This exercise calls for the whole listing to be given again exactly, without images.

PROVIDED DATA:
[Start of section]

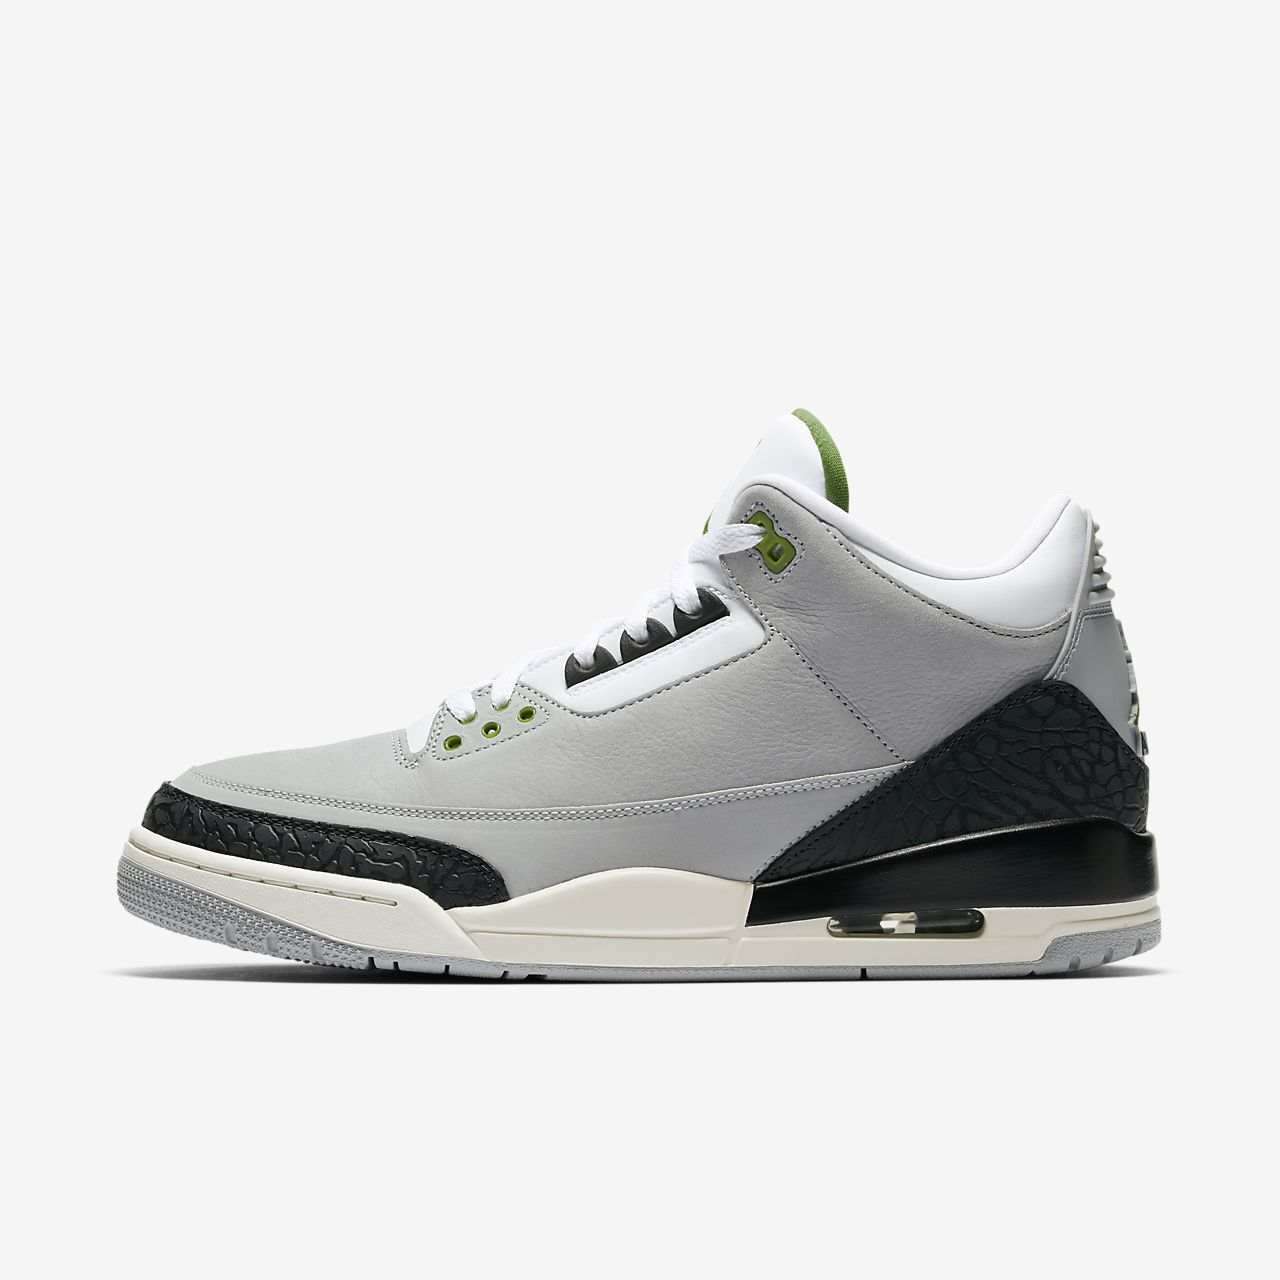 new arrival 3266b 8e016 Air Jordan 3 Retro-sko til mænd
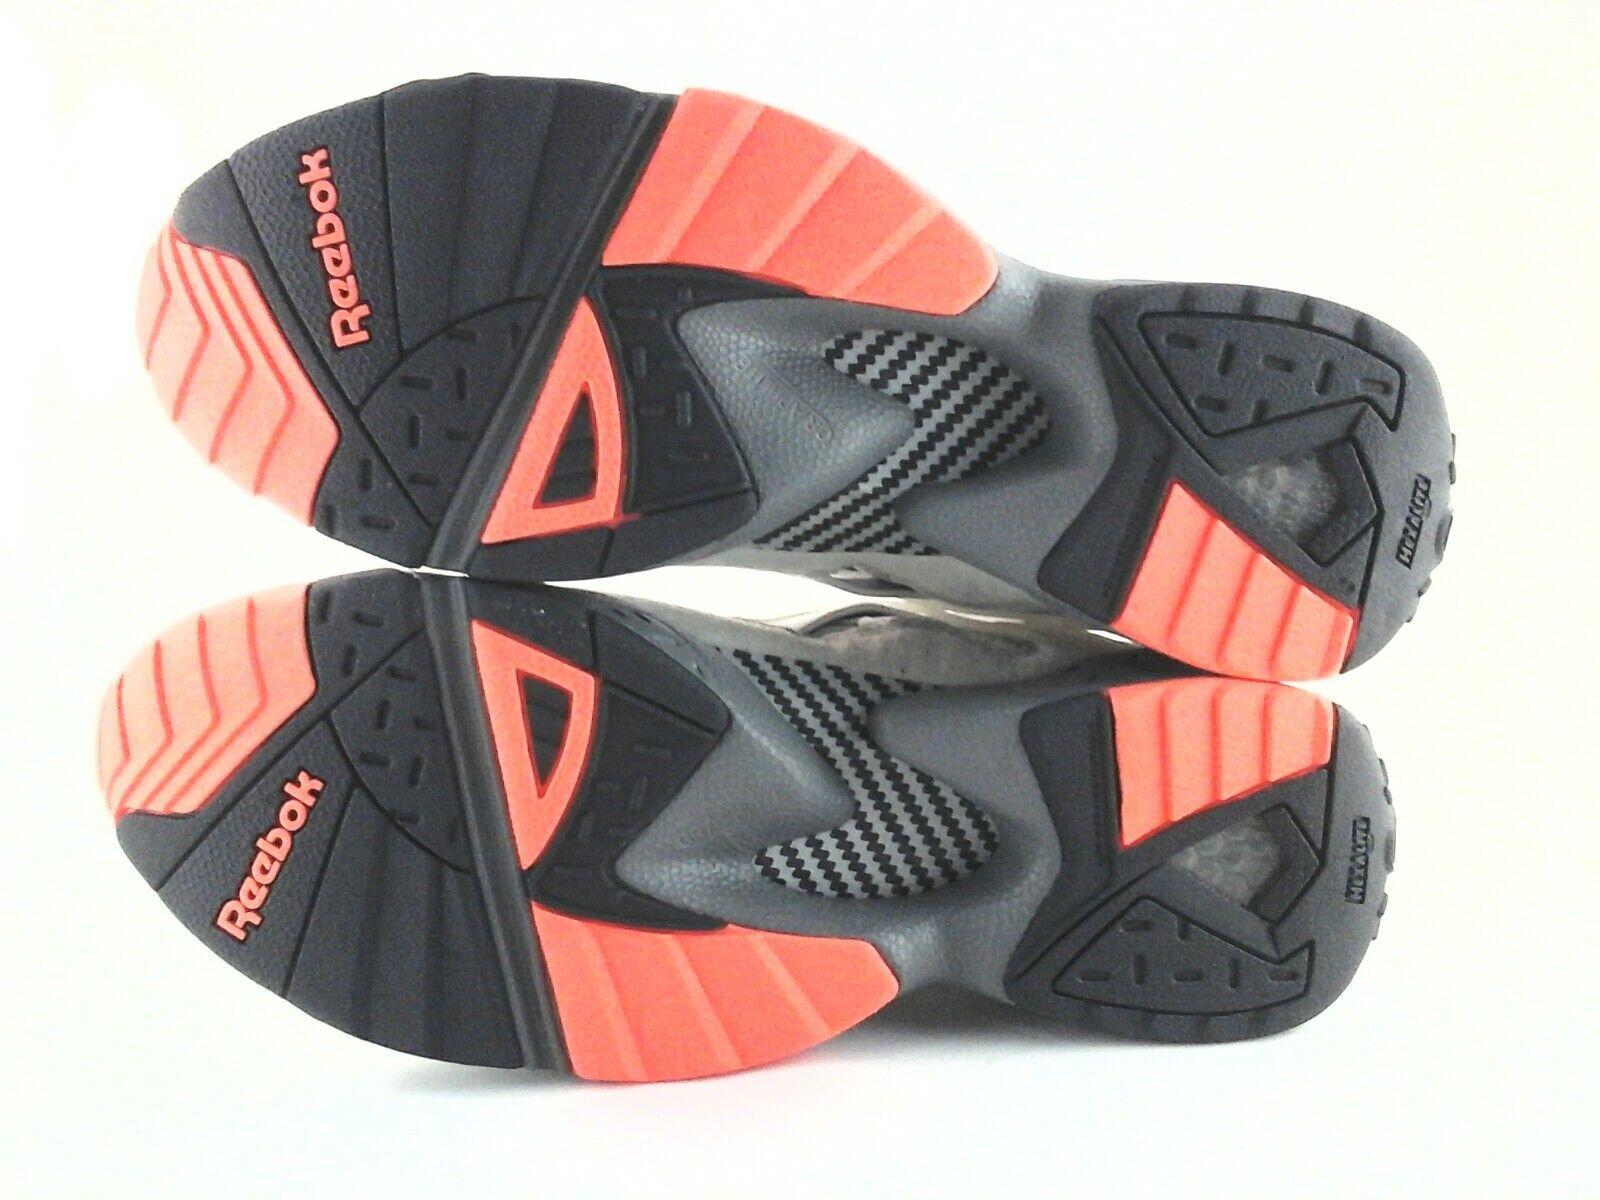 Reebok Graphlite Pro GID Mens BD3004 Running Shoes Grey Size 13M
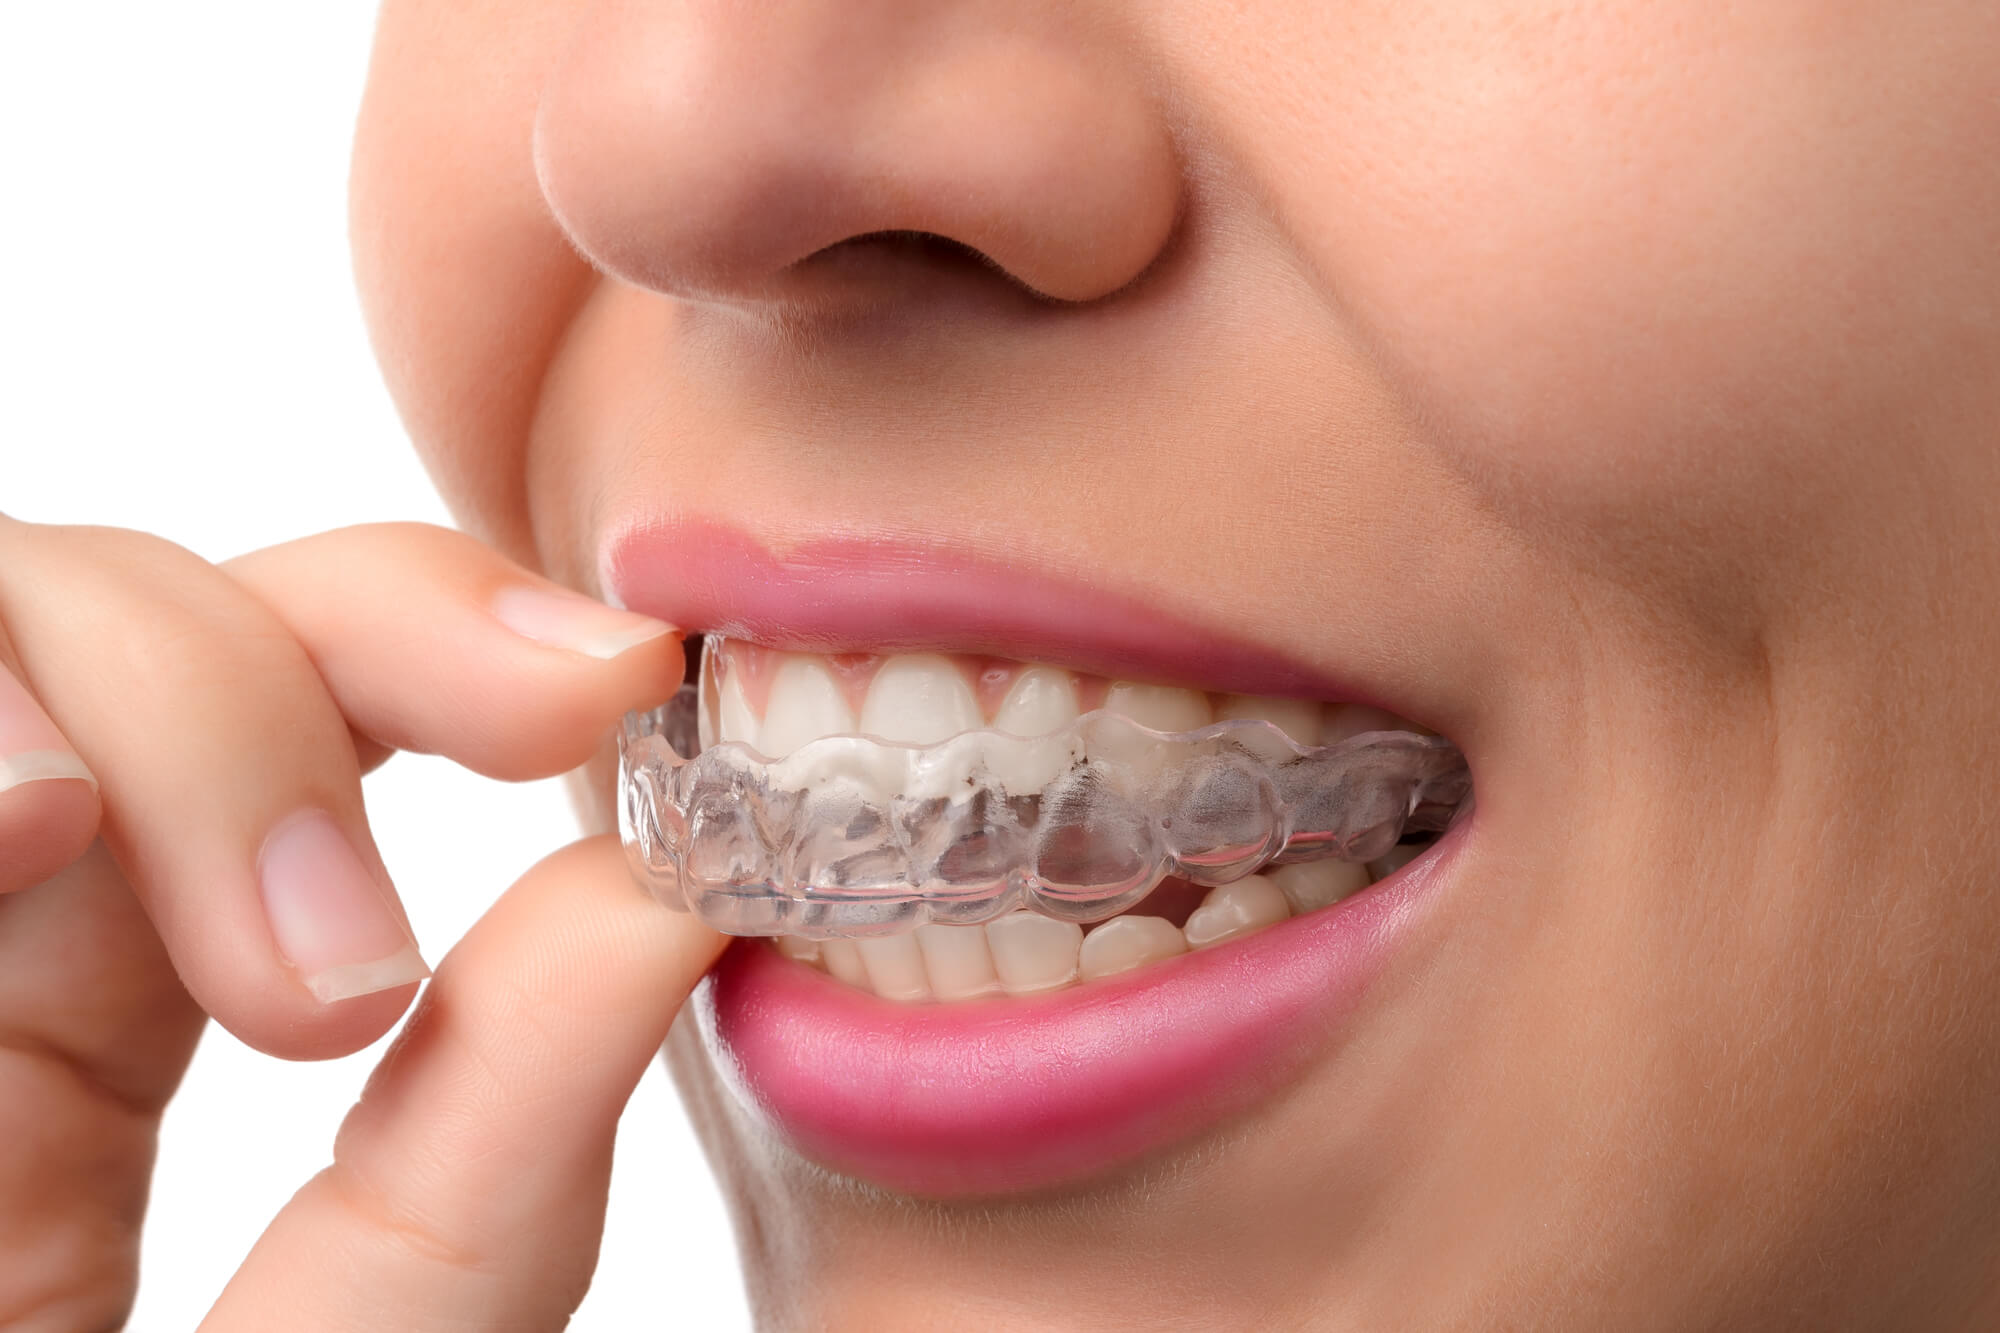 Invisalign treatment at City Dental of Wellington

[End of section]

RESPONSE TO THIS TASK:
 new arrival 3266b 8e016 Air Jordan 3 Retro-sko til mænd
 Reebok Graphlite Pro GID Mens BD3004 Running Shoes Grey Size 13M
 Invisalign treatment at City Dental of Wellington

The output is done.